# commercial plowing with 1/2 ton?



## hogson (Jan 19, 2011)

so soon ill be 16, and have been planning on plowing for years. only problem is: MONEY.. all i see out there in my price range (6000) are older tahoes and expeditions, which i know are great trucks. i need the truck to be my daily driver as well as my plow vehicle. i have plans of doing commercial plowing, but is this going to work out well with a 1/2 ton truck and probably a mid-contractor grade plow?  im just curious as to what im getting myself into as far as money goes. what should i do to thr truck to prevent from breaking ****, and what should i look for in a plow? i dont want problems.. im just looking to make the most reliable thing i can on my budget.


----------



## Rc2505 (Feb 5, 2007)

You probably need to start out doing more resi's than commercials. Build up a client base, and upgrade equipment as needed. Starting out at 16, you will still have to go to school, and do your homework, so start small, and build. As far as equipment, I think your right on with a Tahoe, and a mid weight plow. Everyone has to start somewhere, just do it above the board, be legal, pay your insurance, and do the best job you can do. You will have to remember, your not going to get rich in the first couple seasons, but you can make a decent living if the weather co operates.


----------



## yardsmith (Jan 3, 2000)

I used a half ton for years; beef up the suspension, & don't overload it. Go easy when starting & stopping & using reverse & your stuff will last alot longer...
If you look at older trucks you can get a decent 3/4 ton on ebay or craigslist for under 4000. Just have someone knowledgeable go with you to chekc them out...
Like the others have said, it takes a couple years to get the ball rolling but once you have themomentum & don't give up it can be very profitable for someone your age if you keep your equipment up & do it above board payup


----------



## hogson (Jan 19, 2011)

Thanks. What should I look for as far as residential accounts? I'm afraid of plowing brick driveways and fancy stuff because off the possibility of ******* it up. Is this a stupid thing to think? Also what should I do to the truck to prepare it for the load of a midweight plow? I just want peace of mind, so how can I over do it and be 100% sure I won't **** up the truck/plow?


----------



## GL&M (Sep 26, 2005)

Your biggest problem will be getting commercial insurance at age 16.


----------



## fargosnowpro (Dec 4, 2010)

FWIW, our newer F150 with 8' Hiniker scoop has been in the shop all winter with 4WD issues, it has 2 years of plowing under it's belt. Granted it's being used by a few different guys who probably arn't as careful as they should be, I ran it the first season without major issues, it was a great truck then.

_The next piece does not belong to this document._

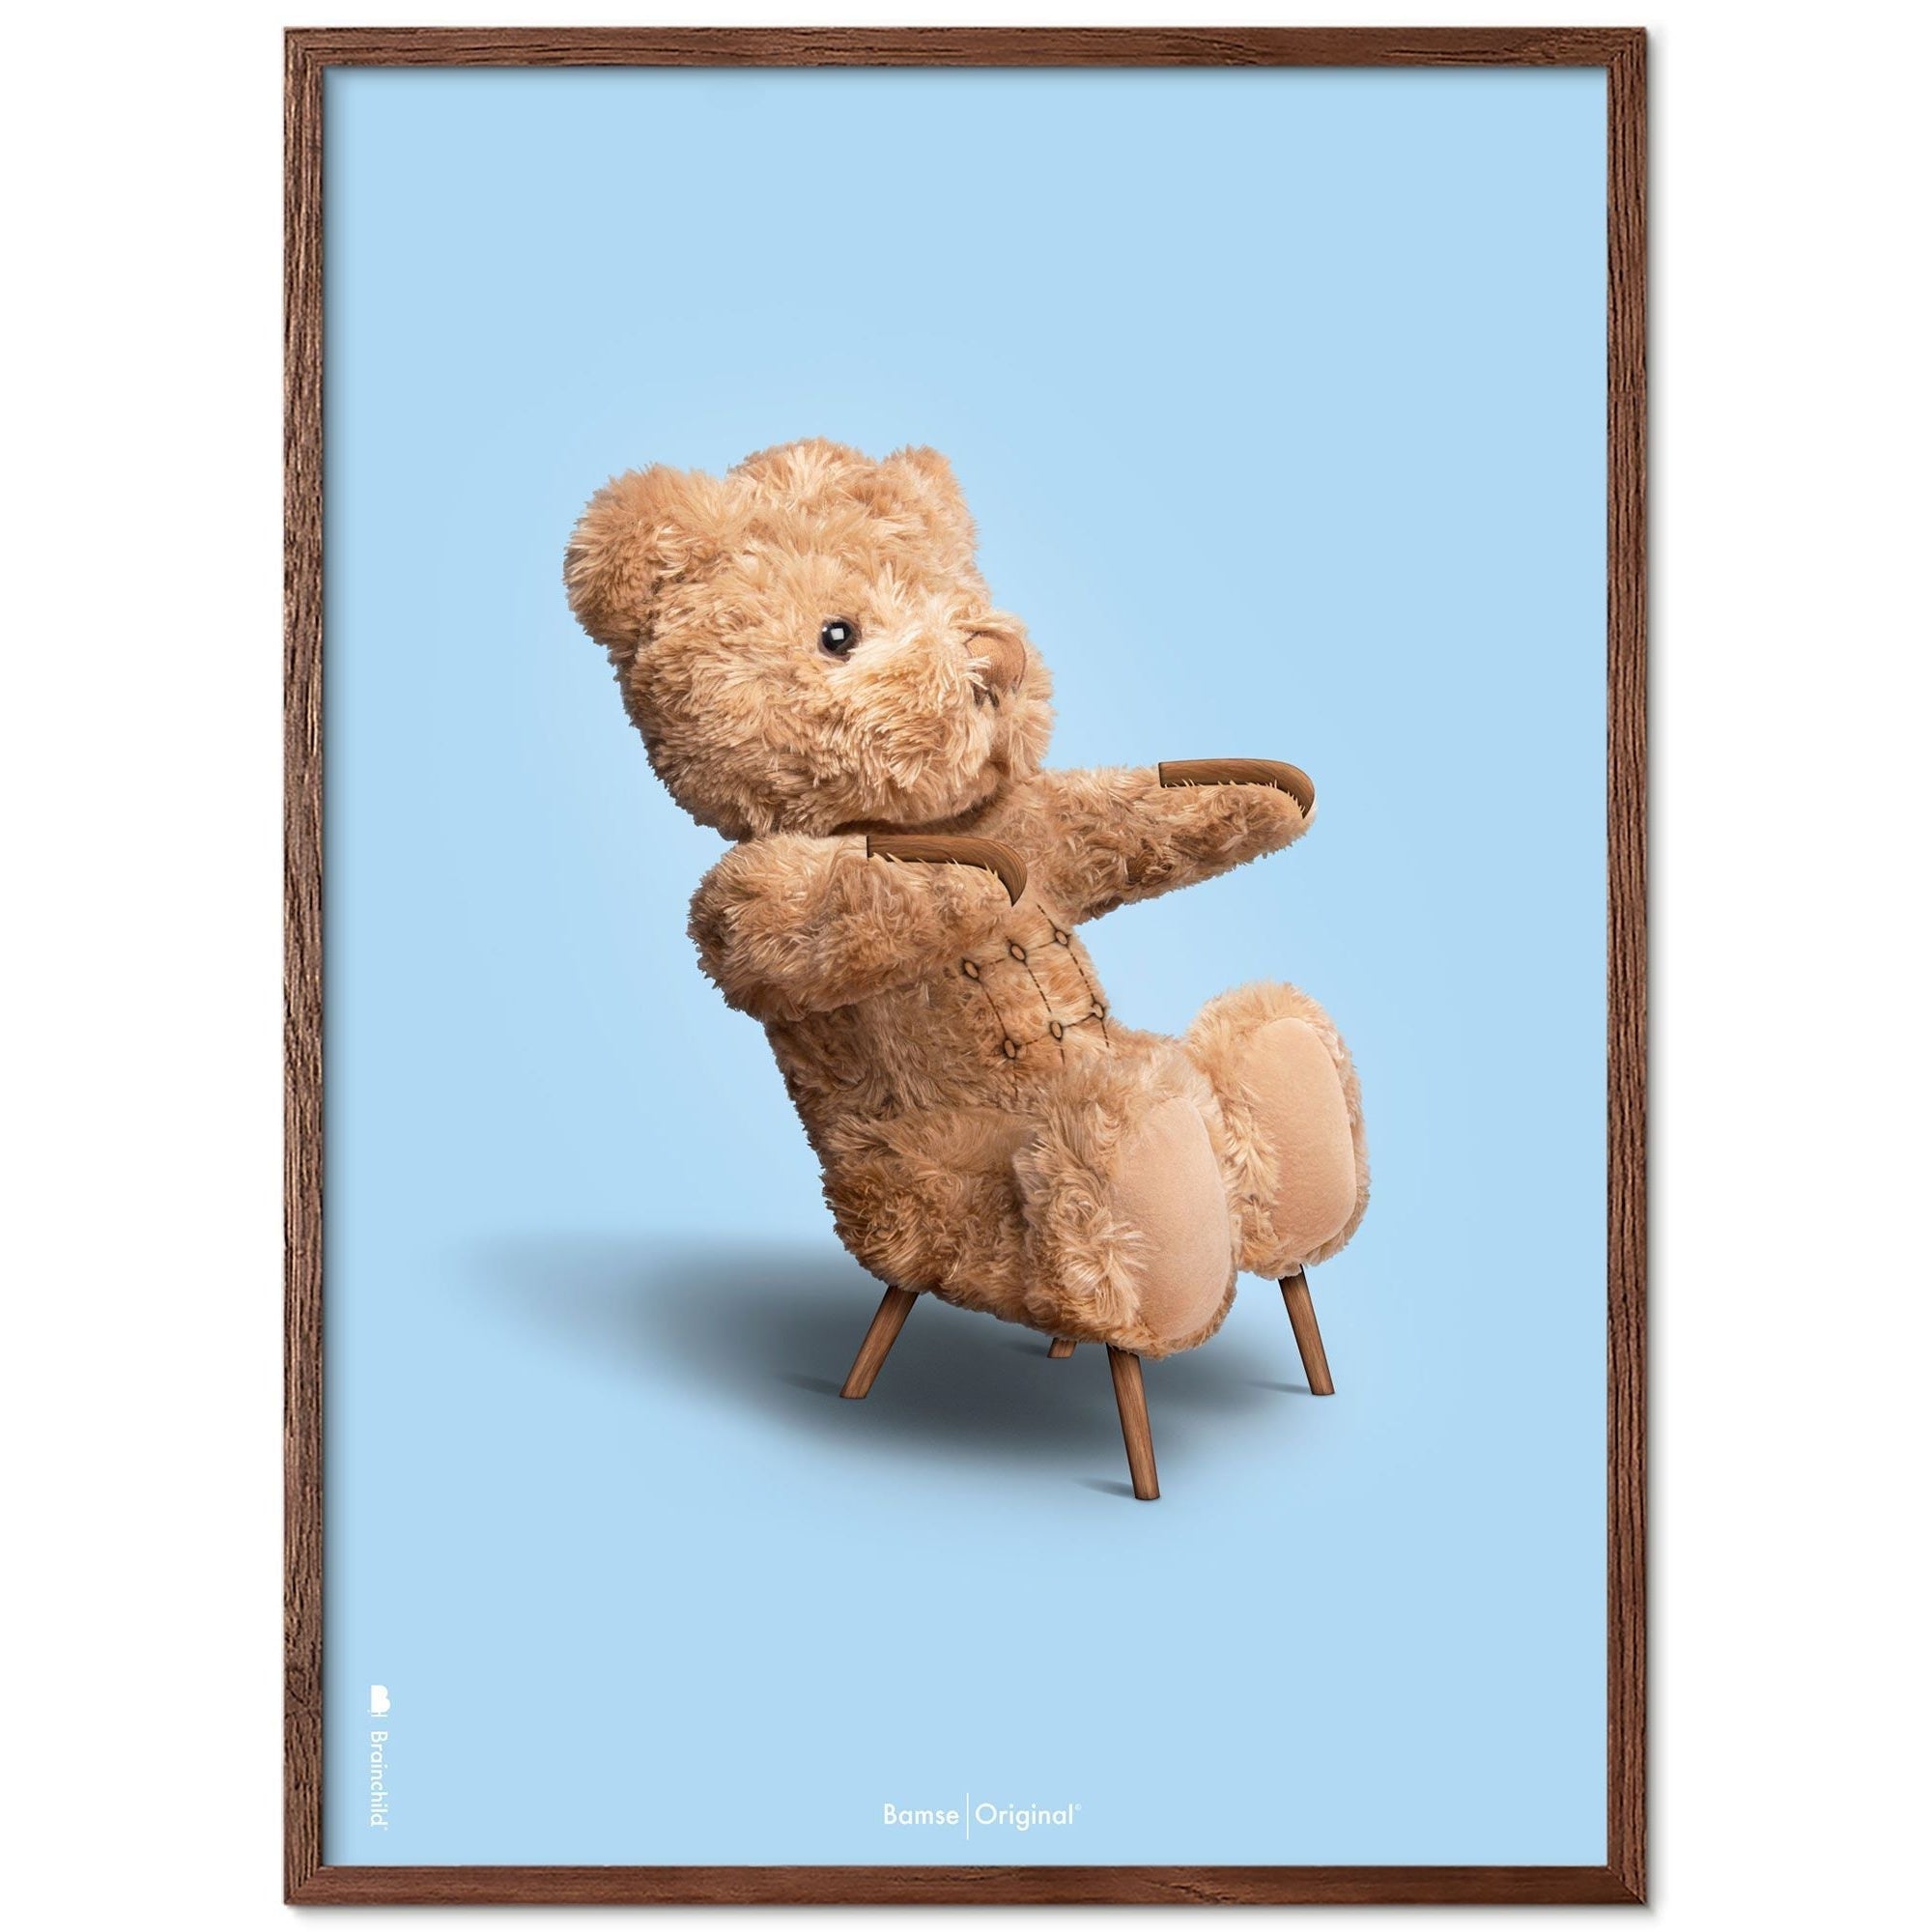 Brainchild Teddybär Classic Posterrahmen aus dunklem Holz Ram 70x100 Cm, hellblauer Hintergrund

Like other guys said though, it's maybe better to start with resi's than jump on board with commercials. You can get a feel of how the business is going to go and cut your teeth a bit. Start out with a blower or maybe a small tractor and blower, once you get some money saved up and experience under your belt you can start looking into a plow for your truck, smaller commercials or maybe even being a sub for a larger company.

Being young and trying to jump head first into business is a really hard thing to do. A lot of store owners are going to be very, Very reluctant to rely on you for work. If you know your S*** and are willing to step up, you might have a good chance but if you don't, your elders will walk all over you. _It's all about paying your dues and baby steps._


----------



## somervillelawn (Sep 24, 2009)

I agree with some others in this post, start out with residentials. I'm guessing your in school. You pretty much have to be on call for your commercial clients all day long. With residentials you can hit them before going to school in the morning and then run back out after school to clean them up if needed. 

I see pleanty of guys out plowing drives with tahoes, jeeps, broncos, etc.... but for 6,000 if you keep looking you should be able to find a decent 1/2 ton with a plow. 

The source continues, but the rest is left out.